=== Work instructions ===
From start to end, write out the following data exactly, apart from its images.

====== Raw data

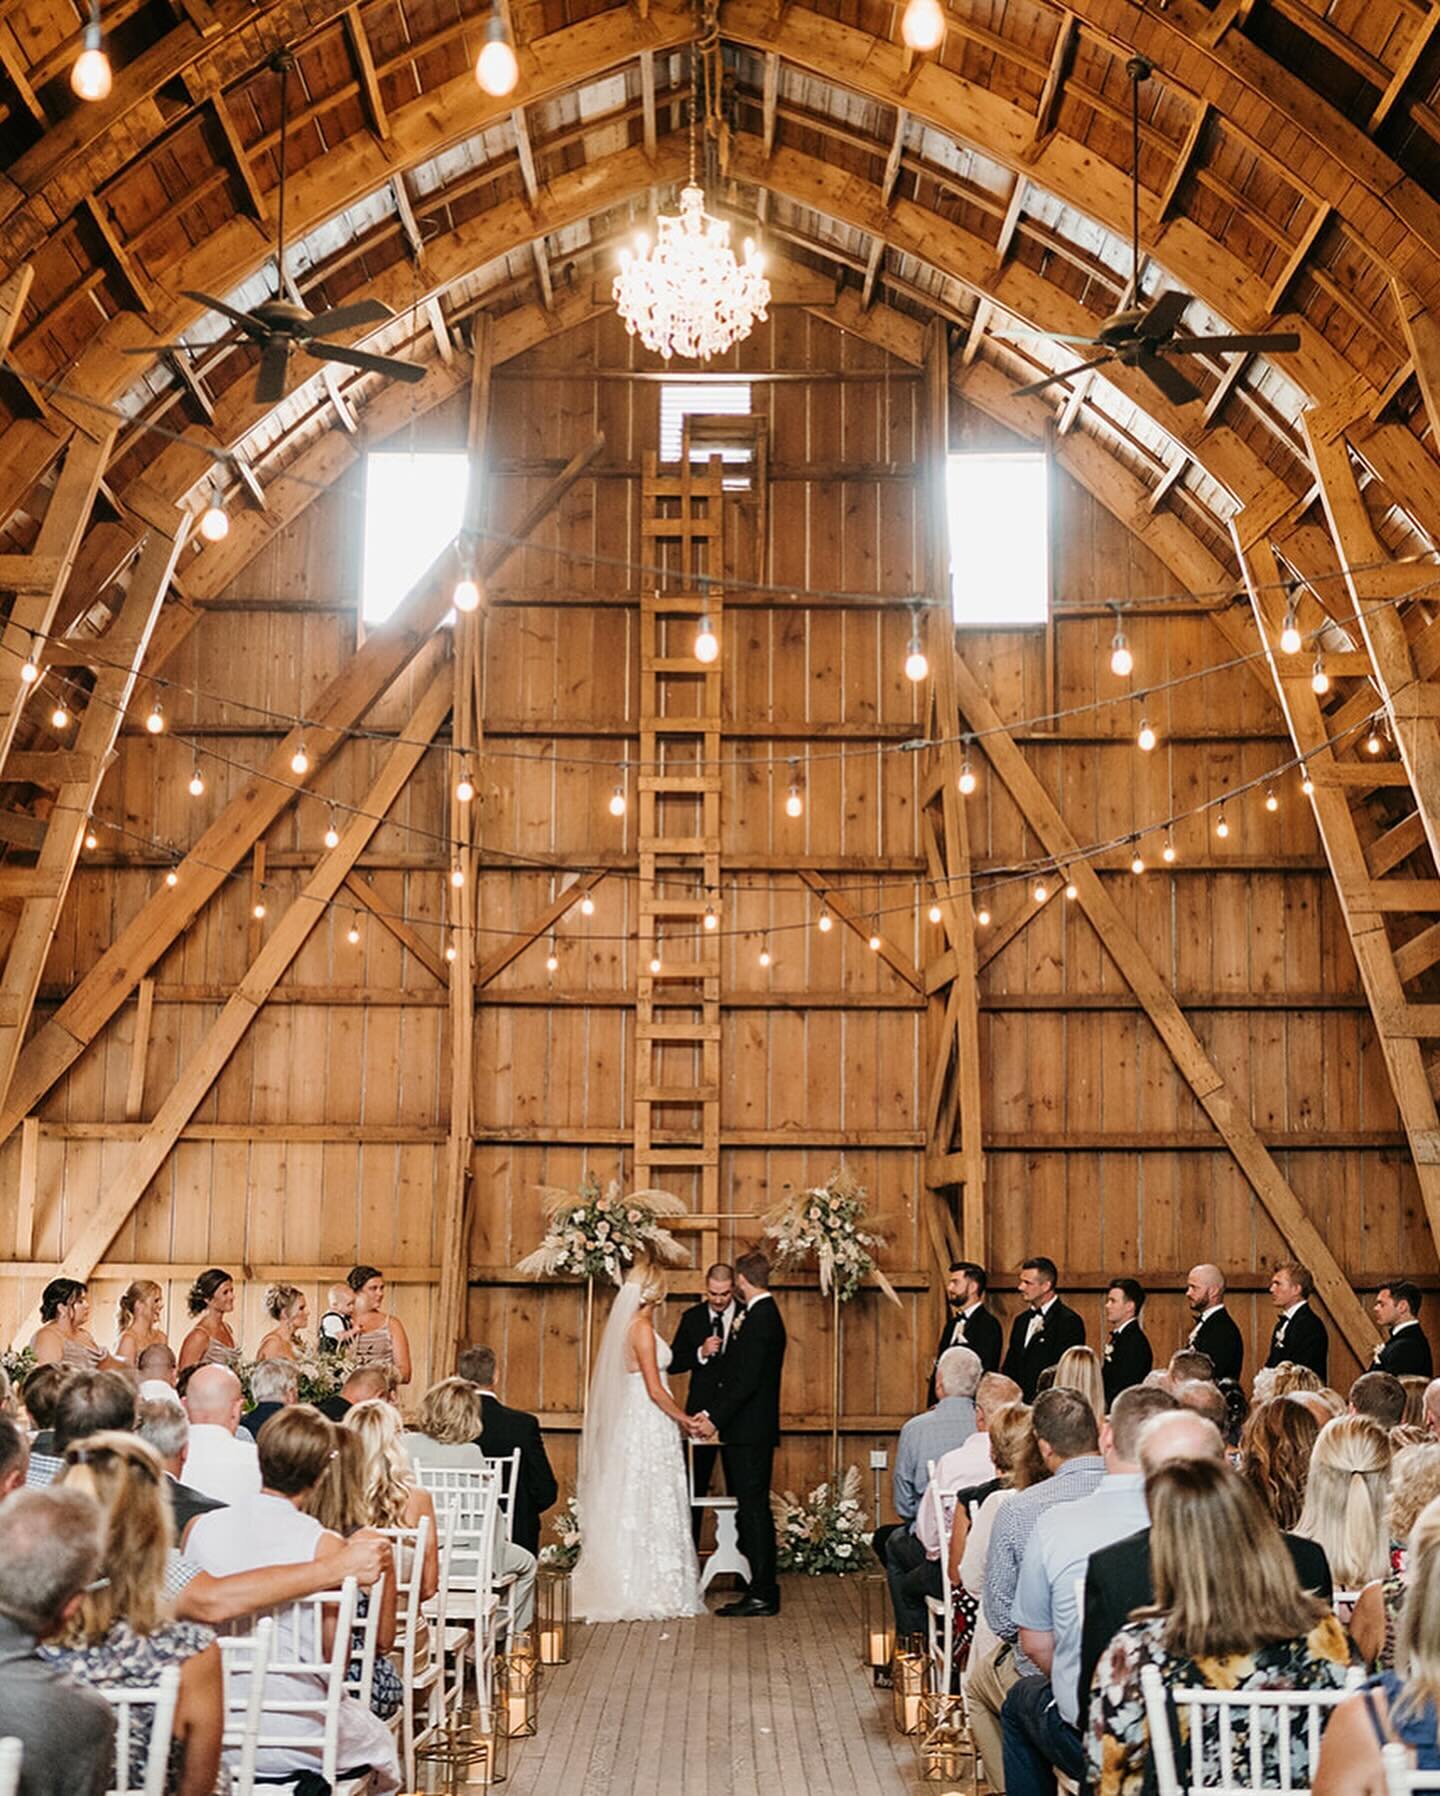 Hello, friends! We&rsquo;re The Cottage Farmhouse, a wedding venue just west of Minneapolis. 

Our farm offers beautiful, timeless spaces at an affordable price for up to 250 guests from May-October.

Our couple&rsquo;s stories are our favorite stori

============

=== Answer section ===
 Hello, friends! We&rsquo;re The Cottage Farmhouse, a wedding venue just west of Minneapolis. 

Our farm offers beautiful, timeless spaces at an affordable price for up to 250 guests from May-October.

Our couple&rsquo;s stories are our favorite stori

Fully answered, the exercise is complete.